Dudenhöffer insisted the German carmaker had done everything within its capacity to ensure good labor standards in the Xinjiang plant. He didn’t believe the company had broached with Beijing the possibility of the plant’s closure or the transfer of its ownership to its Chinese partners. “I think they discussed it internally, but … if you start to talk about that issue [with the Chinese], then you start to go into opposition with the most important market you have in the world,” he said.

The EV threat

The irony is that Volkswagen’s morally expensive bet may not even pay off.

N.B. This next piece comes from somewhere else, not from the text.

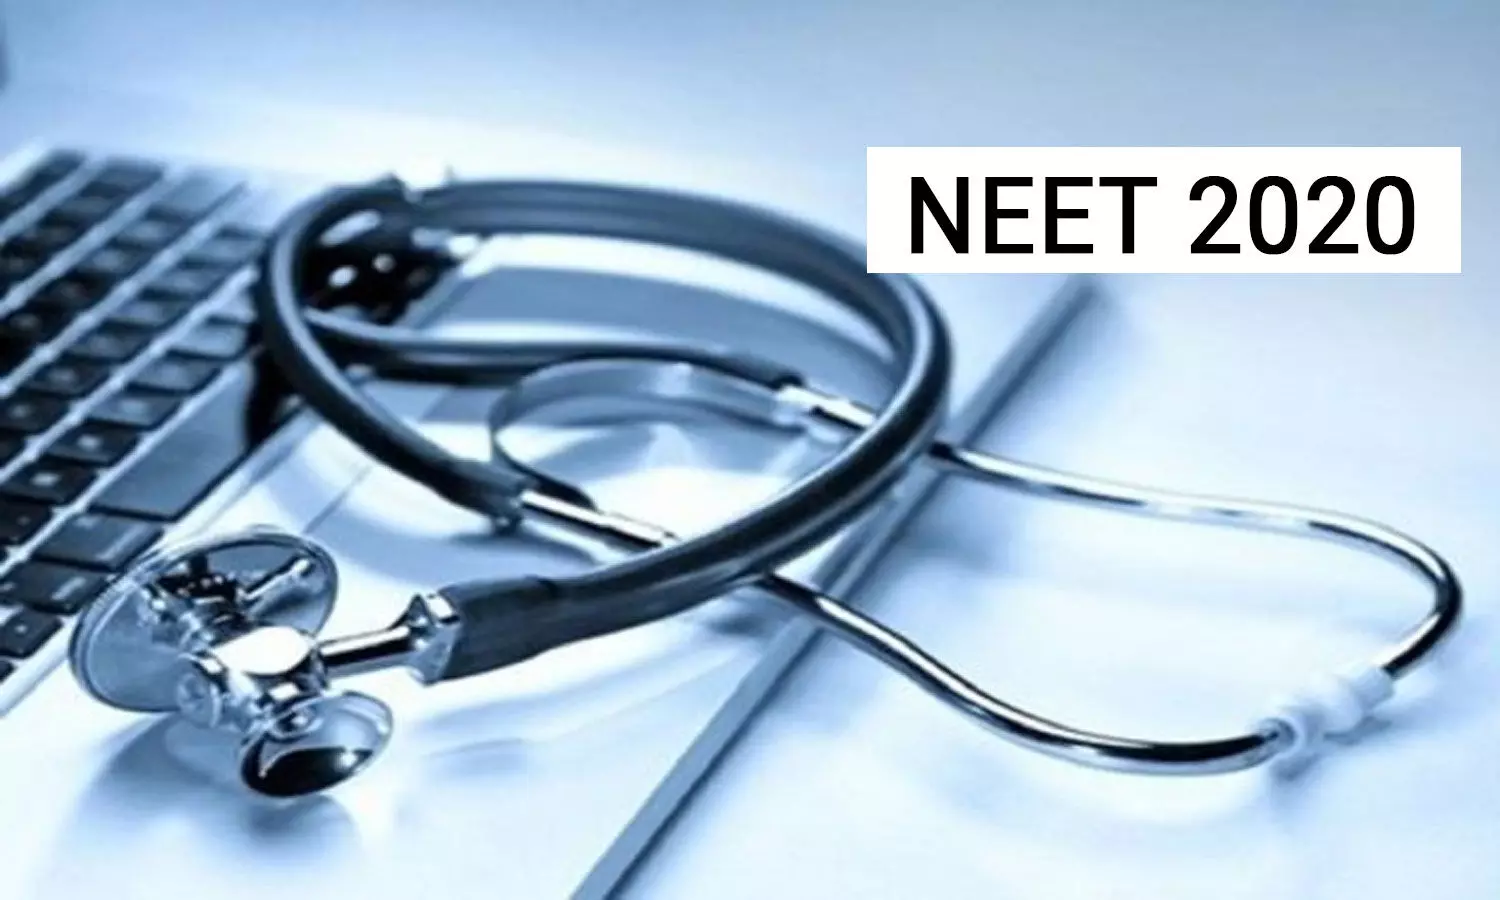 4000 NEET aspirants move Supreme Court demanding centres abroad or postponement of NEET 2020

After enjoying decades of market leadership, the German auto giant is struggling to cope with the impending demise of the combustion engine and is facing unprecedented challenges from Chinese-made electric vehicles, which are now set to become the “greatest risk” facing European carmakers, according to a report by Allianz Trade.

Even as Volkswagen doubles down on the Chinese market, Chinese carmakers with cheaper battery technology are making a play for Europe, with brands like BYD, Great Wall, Nio and Xpeng launching across the Continent.

While electric vehicles only make up around 5 percent of European sales, EU regulators have mandated a phaseout of the combustion engine by 2035. One analysis predicts Chinese imports could make up nearly a fifth of all European sales by 2025 — bad news for local legacy brands.

Even if Volkswagen does find a way to hold out at home, its investments in China could be at risk if Europe raises trade barriers against Chinese vehicles, as France has been calling for. Such a move would almost certainly lead to reciprocal action from Beijing, which has not shied away from using its regulatory muscles to push its diplomatic interests.

In 2017, for example, when South Korea sought to buy a missile defense system from the U.S. in order to stave off the threat from North Korea, Beijing vocally opposed the move, and sales of Hyundai and Kia models subsequently plummeted, sparking rows with dealerships and plant closures.

Under President Xi Jinping, China has also sought to diminish the market share of foreign companies. In telecoms, for example, European players like Ericsson and Nokia have been crowded out by homegrown heavyweights Huawei and ZTE. China may have needed Western companies to jump-start its industrial development, but with Xi seeking to present China as an alternative to the West, that utility is quickly fading.

In other words, for Volkswagen’s executives, cake-throwing protesters may be the least of their worries.